FRB Galaxies

A significant portion of FRB science will flow from studying galaxies related to these events.

This will include both the galaxy that hosted the event and galaxies foreground to the event which may imprint signatues in the signal itself.

We have thus far generated a class FRBGalaxy to hold, manipulate, and derive key observed and physical quantities.

Once a large enough sample exists, there will be other objects to generate a easy-to-access database (e.g. Table) of galaxy properties.

FRBGalaxy

This is the parent class and is not intended to be instantiated on its own, at least not often. Instead, instantiate one of its children. Nevertheless, it contains the majority of methods and attributes used by the children, described here.

Attributes

The FRBGalaxy class contains a set of attributes, listed in self.main_attr, that are a series of dict and are intended to hold the primary quantities of the object. To set a common structure, the allowed keys within each dict are defined in the frb.galaxies.defs module. For example, the morphology attribute may contain the entries listed in defs.valid_morphology which is reproduced here:

valid_morphology = [
    'reff_ang',   # Effective radius in arcsec; Galfit
    'reff_kpc',   # Effective radius in kpc; Galfit
    'n',          # Sersic index; Galfit
    'PA',         # Position angle (deg); Galfit
    'b/a',        # Ellipticity; Galfit
]

The uncertainty in each of these values is also permitted, e.g. reff_ang_err and n_err.

Methods

There are a number of methods used to modify the class and also to calculate quantities of interest from existing photometry and line flux measurements.

set_z

This sets the redshift of the galaxy and/or the related FRB, e.g.:

frbgalaxy.set_z(0.192, 'spec')

Here spec indicates the measurement is spectroscopic.

parse_galfit

There are a series of methods that will parse output files from standard galaxy analysis codes, e.g. CIGALE, GALFIT, pPXF. Here is the sample call for GALFIT:

frbgalaxy.parse_galfit('frb121102_galfit.log', 0.15)

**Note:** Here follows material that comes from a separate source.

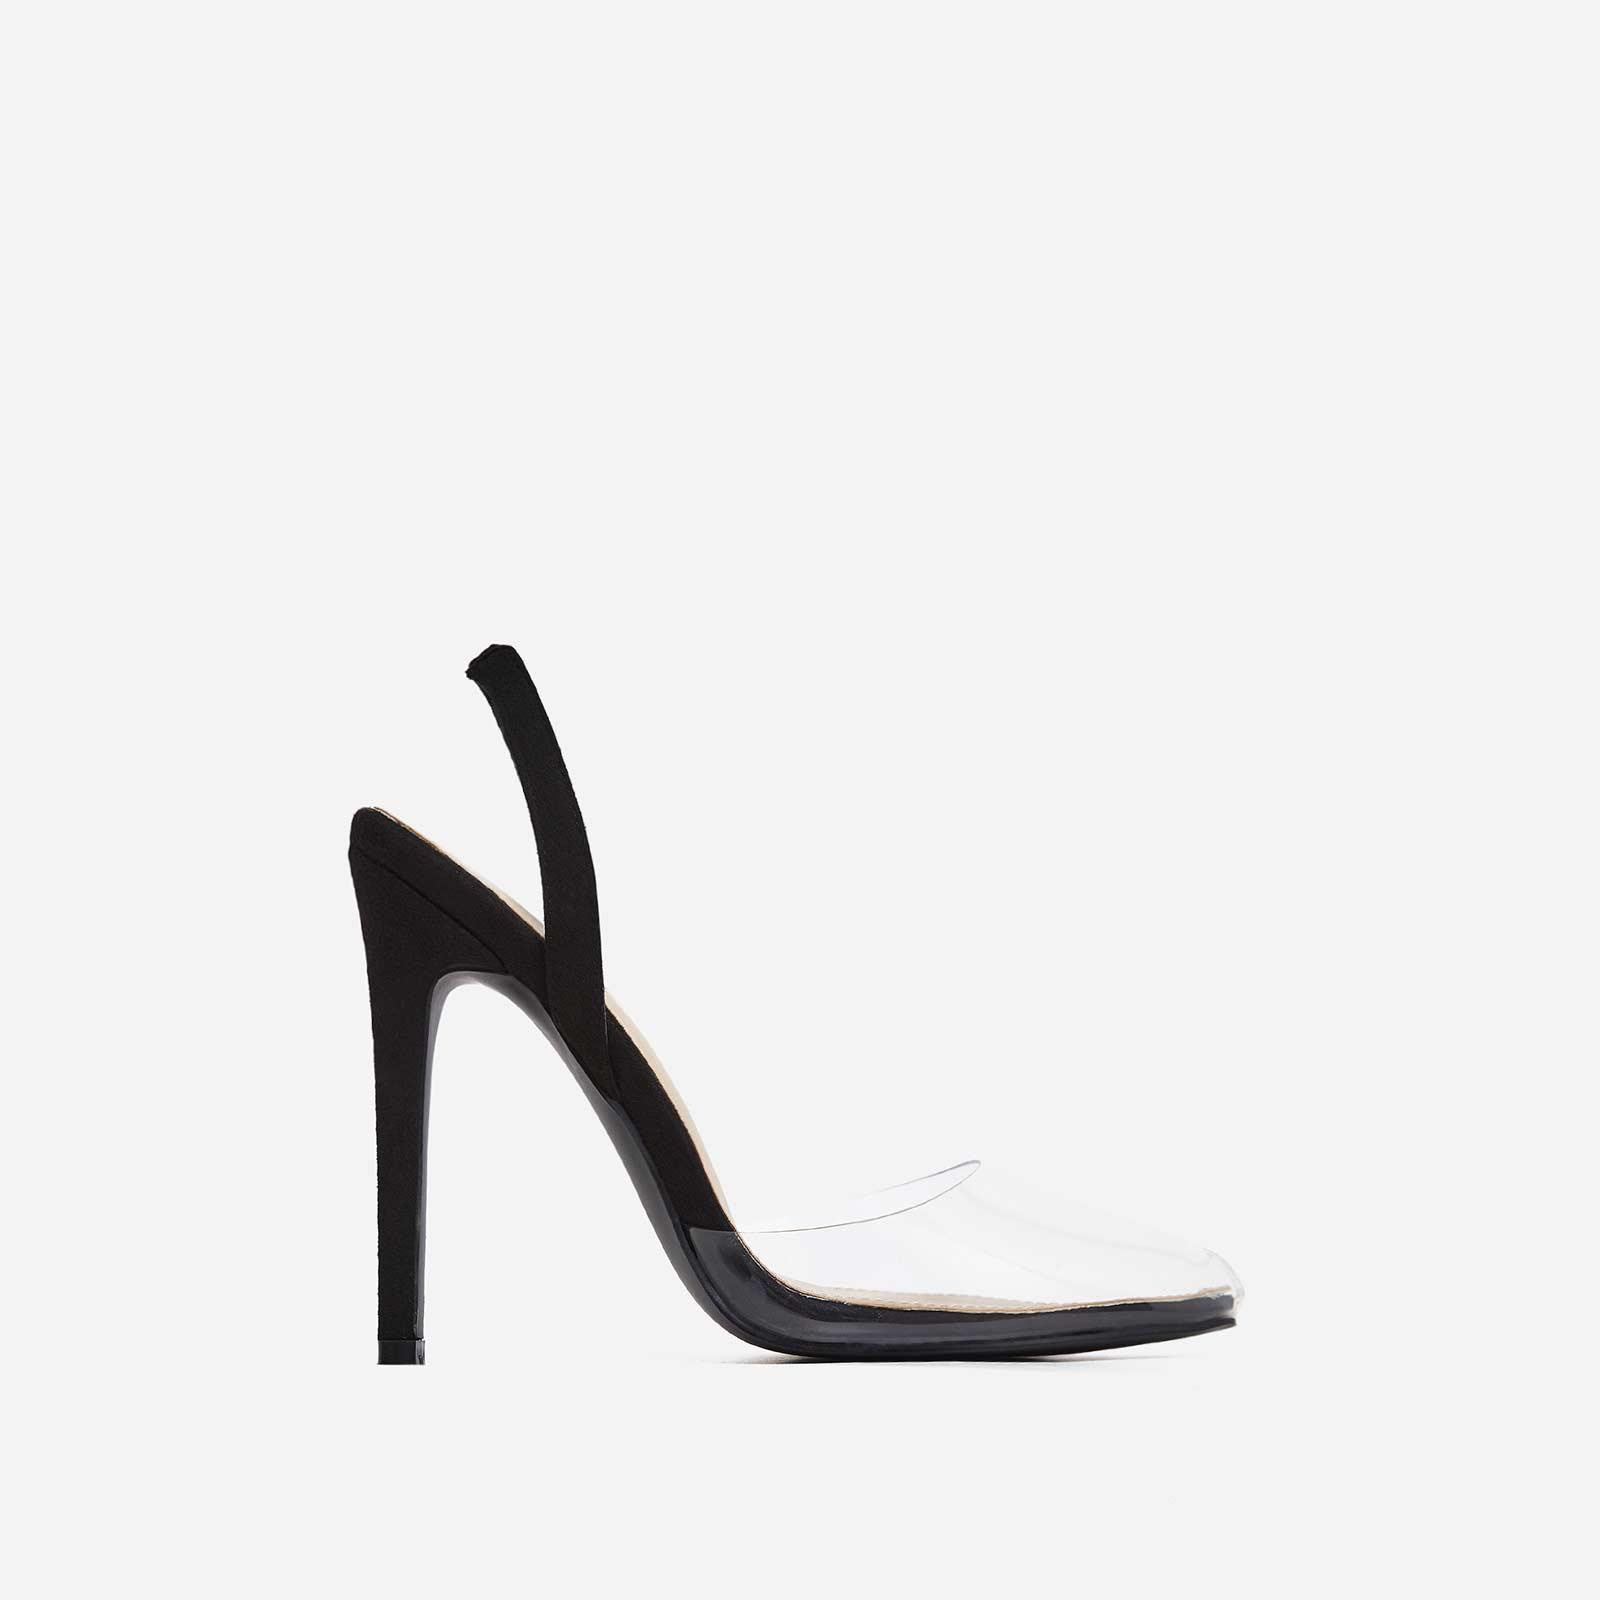 Cape Perspex Heel In Black Faux Suede

The first item is the filename and second is the plate-scale of the image analyzed (arcsec per pixel). The values measured are ingested into the frbgalaxy.morphology dict.

calc_nebular_SFR

There are a few methods for deriving quantities of scientific interest for the galaxy. The example provided here is for the star-formation rate (SFR) using a nebular line flux. Here is an example call:

frbgalaxy.calc_nebular_SFR(method='Ha')

If successful, the ‘SFR_nebular’ key of the frbgalaxy.derived dict will be filled with the value (using units of Msun/yr). By default, an extinction correction will be applied to the measurement if the ‘AV_nebular’ was filled previously. This method also requires that the redshift have been set previously.

I/O

One can write the main contents of the FRBGalaxy object to disk with the write_to_json() method:

frbgalaxy.write_to_json()

If not outfile name is given (as above), one is auto-generated based on the class and FRB.

Similarly, one can instantiate the class with a JSON file:

frbgalaxy.from_json('name_of_file.json')

FRBHost

This is a child of FRBGalaxy and is intended to be used for the galaxy which hosts a given FRB.

by_name

One particulaly useful method is by_name() which lets you Instantiate the class by the FRB name:

host121102 = frbgalaxy.FRBHost.by_name('121102')

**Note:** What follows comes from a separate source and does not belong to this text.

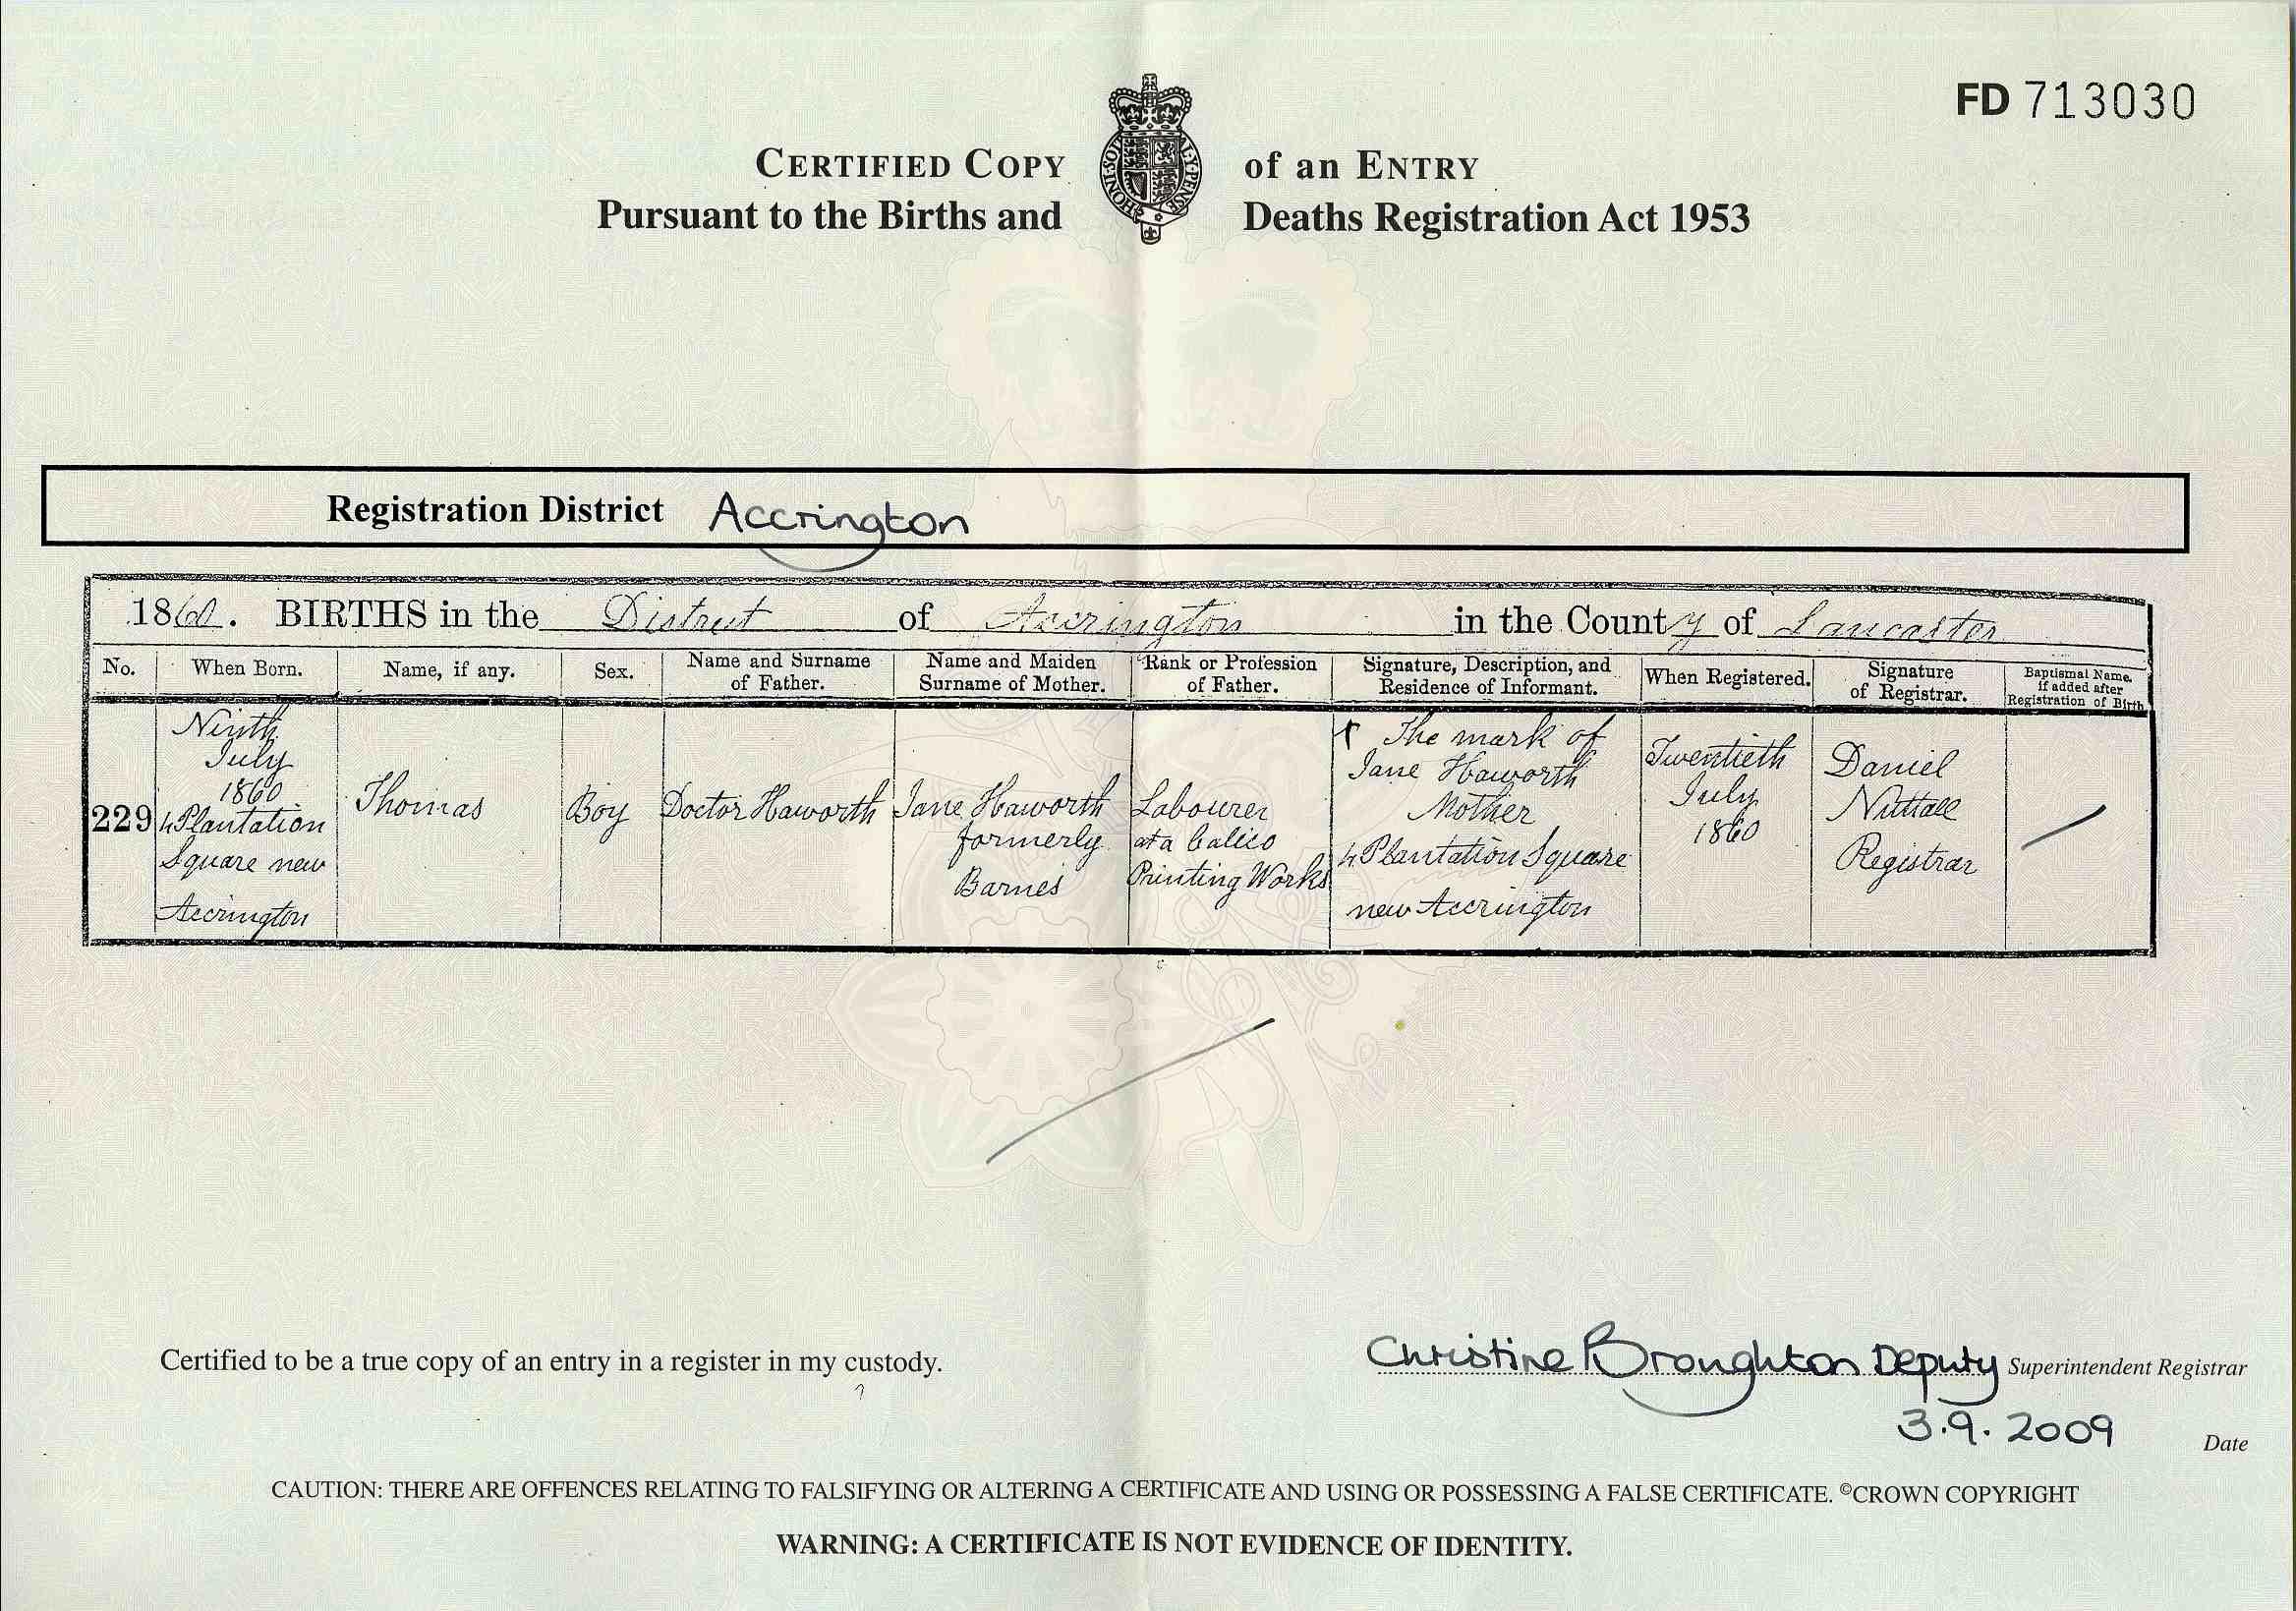 British birth certificate

Of course, a previously generated JSON file must already have been archived.

PATH

A subset of the FRB Host galaxies have been analyzed using the Probabilistic Assignment of Transients to their Hosts (PATH) framework as described in Aggarawal et al. 2021. This relies on the `astropath <>`_ code base.

You can load up the PATH results using:

from frb.galaxies import utils
path_table = utils.load_PATH()

The standard file uses the adopted priors with results as given in the adopted.csv file under frb/data/Galaxies/PATH. See the README there for further details.

Developers can use frb_build to generate new PATH csv files.